(Beginning of GIVEN INFORMATION)

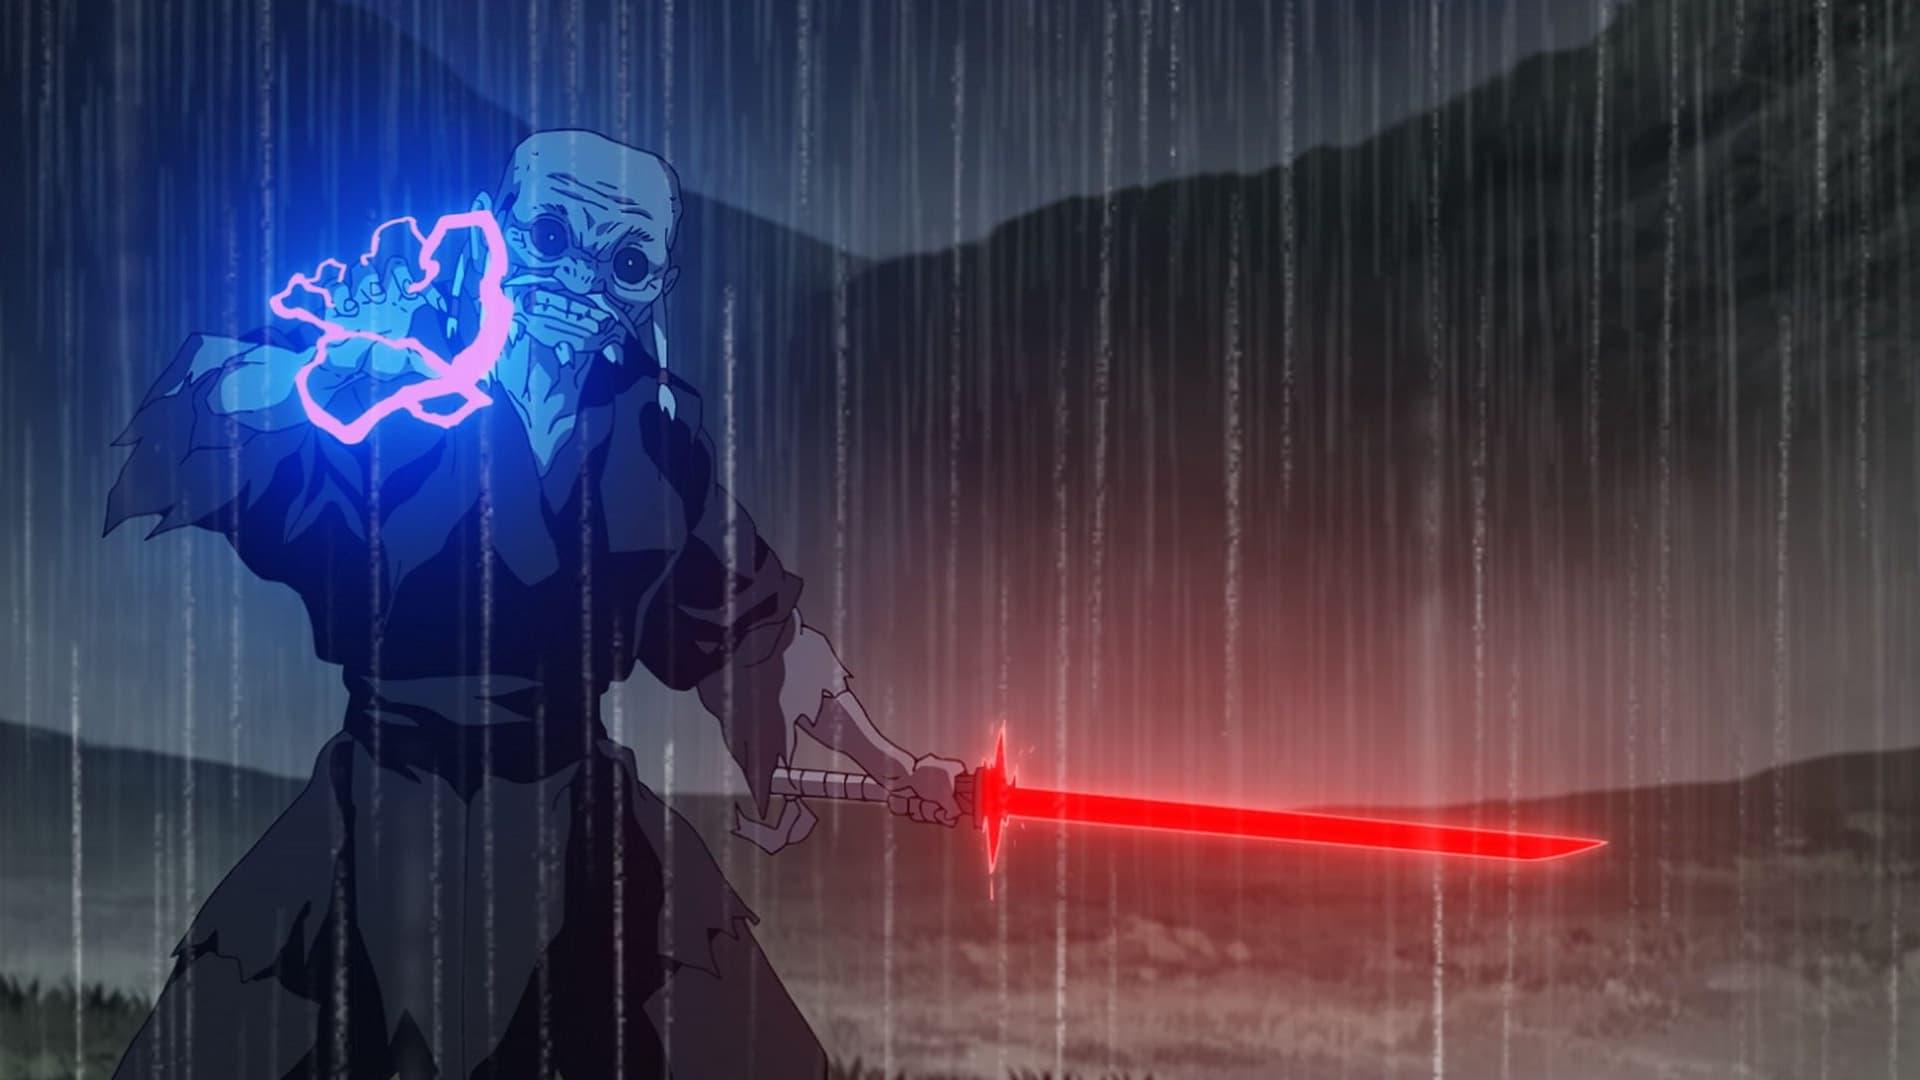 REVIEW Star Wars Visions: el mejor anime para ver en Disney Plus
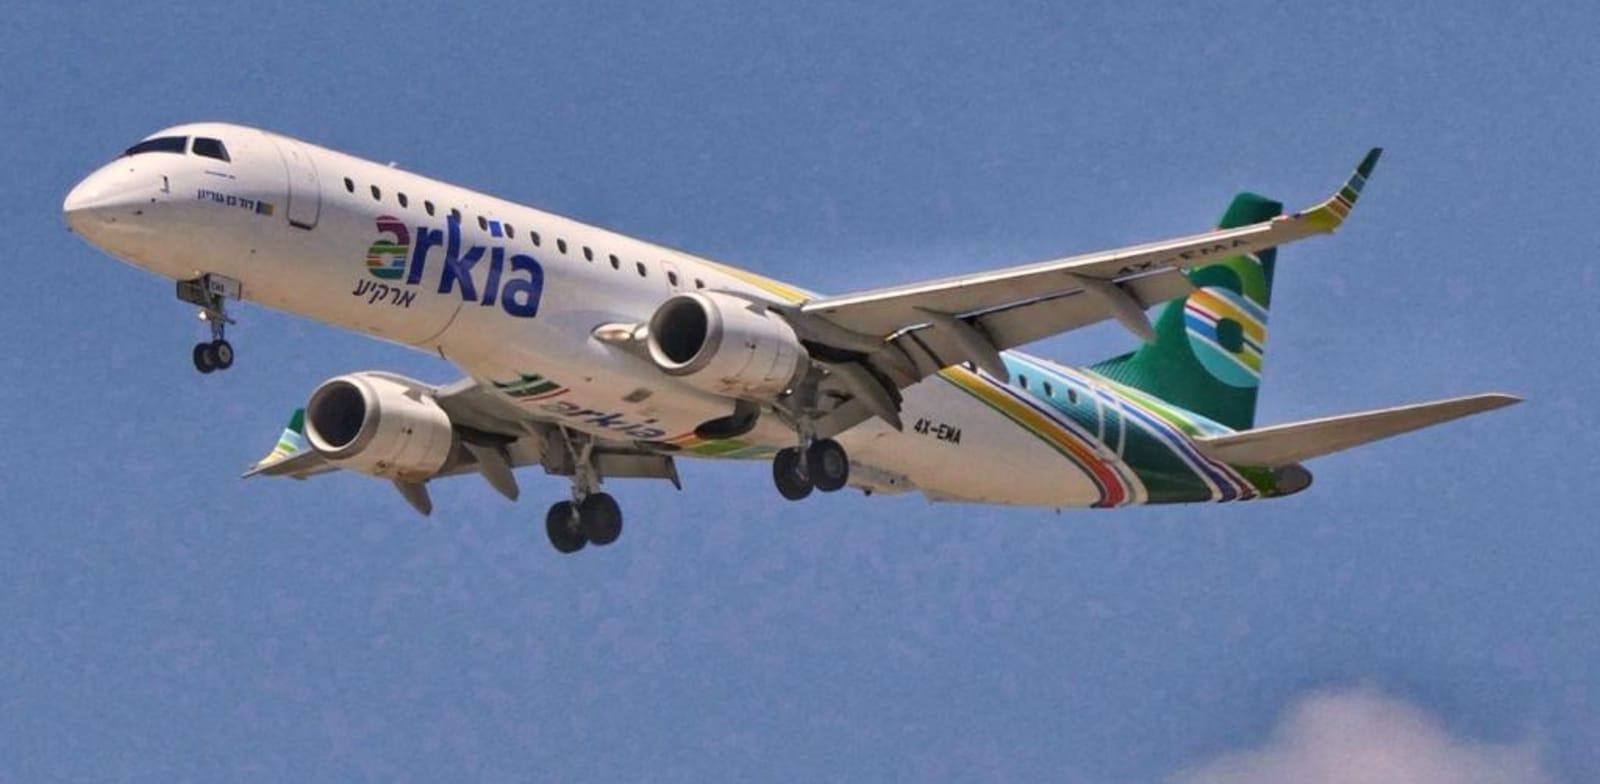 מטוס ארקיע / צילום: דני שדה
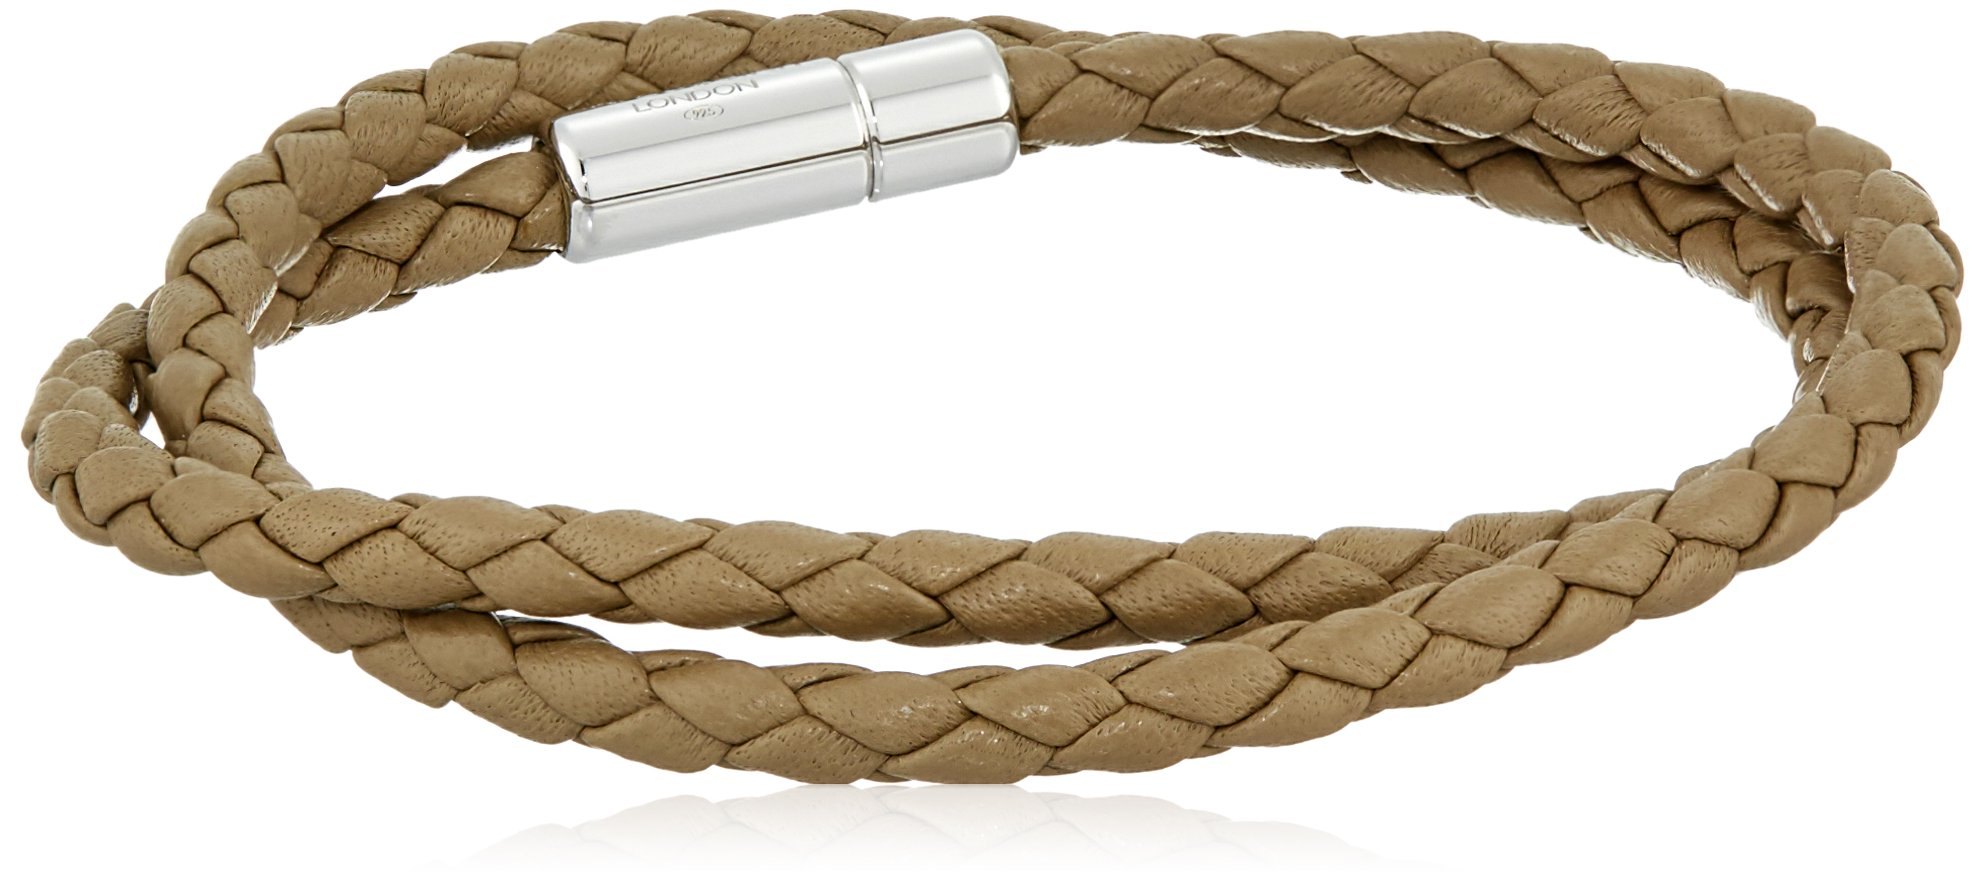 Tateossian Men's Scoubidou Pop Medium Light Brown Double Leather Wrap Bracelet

(End of GIVEN INFORMATION)

- _TASK DETAILS_
Print the material above verbatim except the pictures.

- _YOUR SOLUTION_
 REVIEW Star Wars Visions: el mejor anime para ver en Disney Plus
 מטוס ארקיע / צילום: דני שדה
 Tateossian Men's Scoubidou Pop Medium Light Brown Double Leather Wrap Bracelet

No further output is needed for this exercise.